At The Cusp of Woman and Black

February is Black History Month, and March is Women’s History Month, so here at the cusp I’m going to repost an oldie from my early days of blogging, about my personal hero, Harriet Tubman. Originally posted April 13, 2006.

In yesterday’s post, which was a meme of six weird things about me, I mentioned that my personal real life hero is Harriet Tubman. I admire her for her grace, her courage, her determination, and her strength of conviction. She was a woman who wanted freedom, and found a way to attain it…once she had tasted the sweet flavor, however, she determined that she must free others, so she went back into harm’s way, so that she might rescue others.
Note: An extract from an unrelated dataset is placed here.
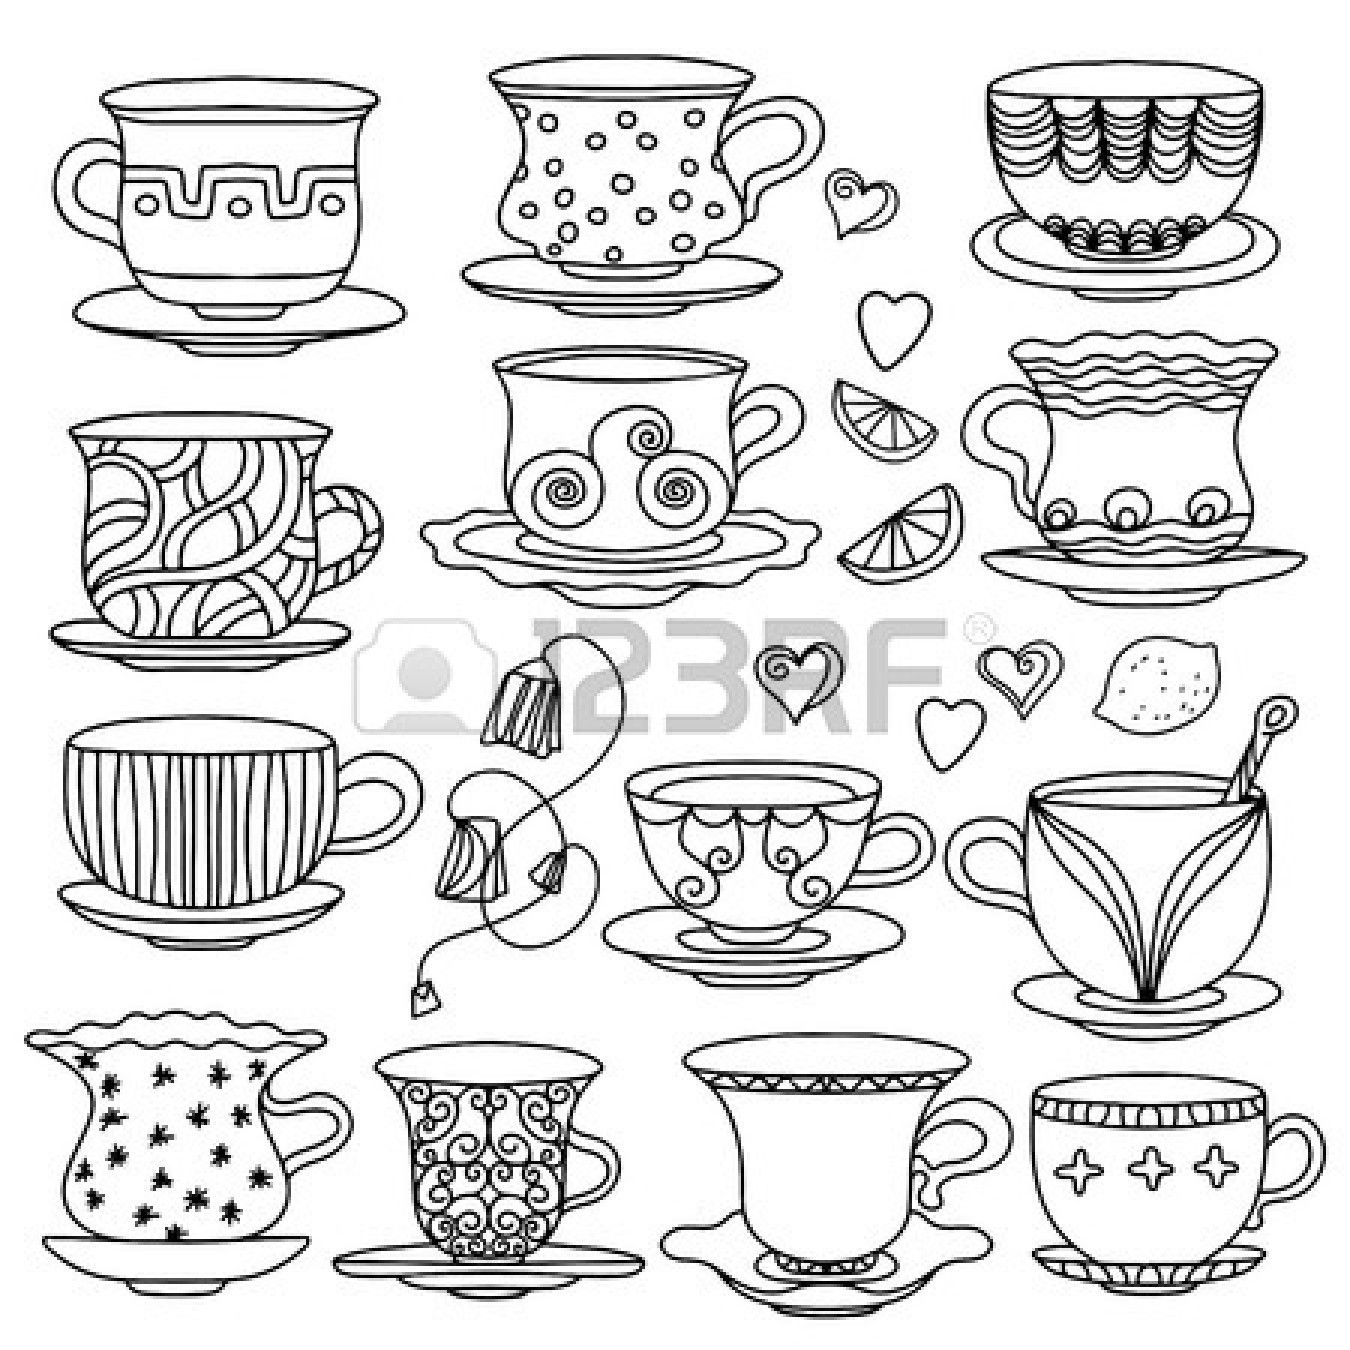 Teacup doodle ideas Tea cup drawing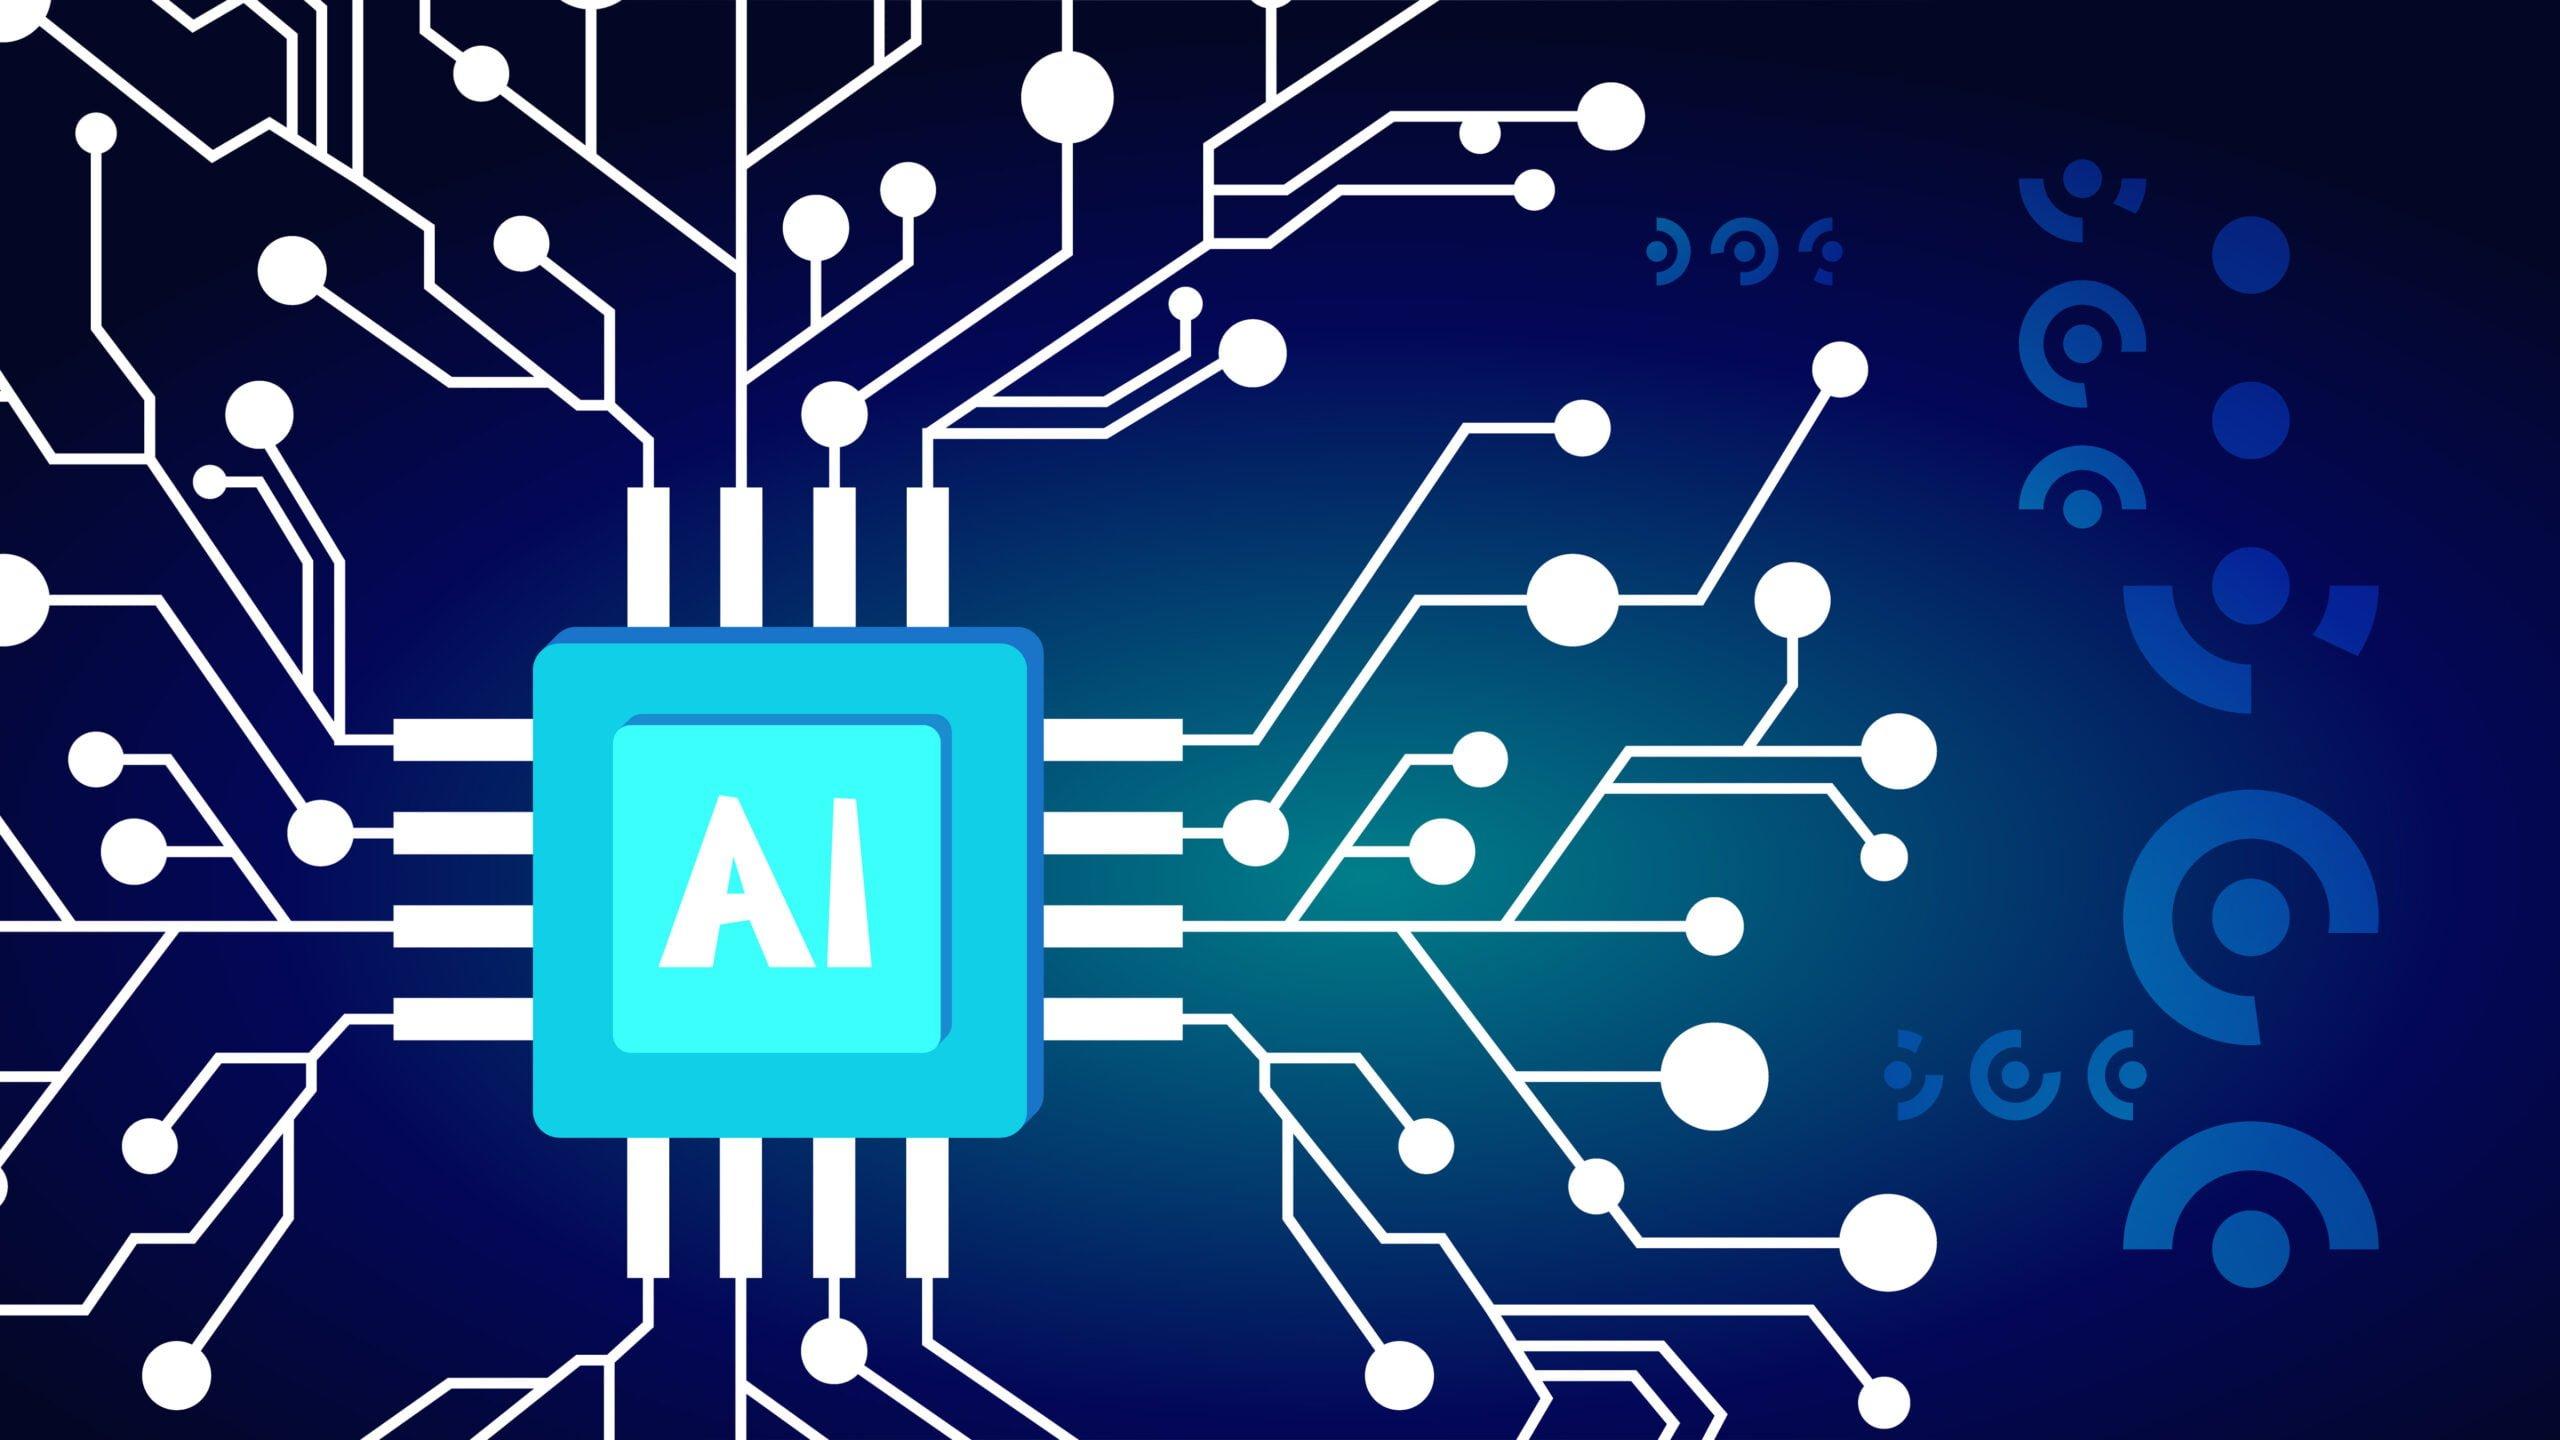 Artificial intelligence, AI, sztuczna inteligencja

I’m assuming you all know of her work. Of how she, along with the help of the underground railroad, spirited slaves out of the south to their freedom in Canada. How she served as a nurse and a spy during the Civil War. How she became active with the suffragettes, and made speeches about women’s rights. How many of us would find the strength to do 1/10th of what she did? Who among us would, after escaping with our lives, after having grown up suffering severe beatings at the hands of a cruel master, be able to muster the strength to go back, into danger, where our capture would mean horrors beyond our imagining. And she did this again, and again, and again. Her life was an example to us all.

I started this post with the simple idea of telling a cute story…how Maya told me yesterday, that when she was little, and they were supposed to talk about heroes at school, and I told her about my hero, Harriet Tubman, she imagined her as being able to fly, and that she wore a cape. That she flew down from the sky and rescued slaves from the south, like Superman or Wonder Woman. I love that mental picture. But even that doesn’t compare with the real Harriet Tubman.

Do you have a real-life hero?

This entry was posted in Musings.

One thought on “At The Cusp of Woman and Black

  1. I like that you did this post on the cusp of the two months. What a great way to touch them both.

    I don’t have a real-life hero but I do revere The Virgin of Guadalupe. She appeared before a Mexican peasant, a laborer, and she gave him hope and compassion. She’s a saint for the people, of the people. She’s dark-skinned. I find solace in her.

    Among real-life people, I deeply admire my parents.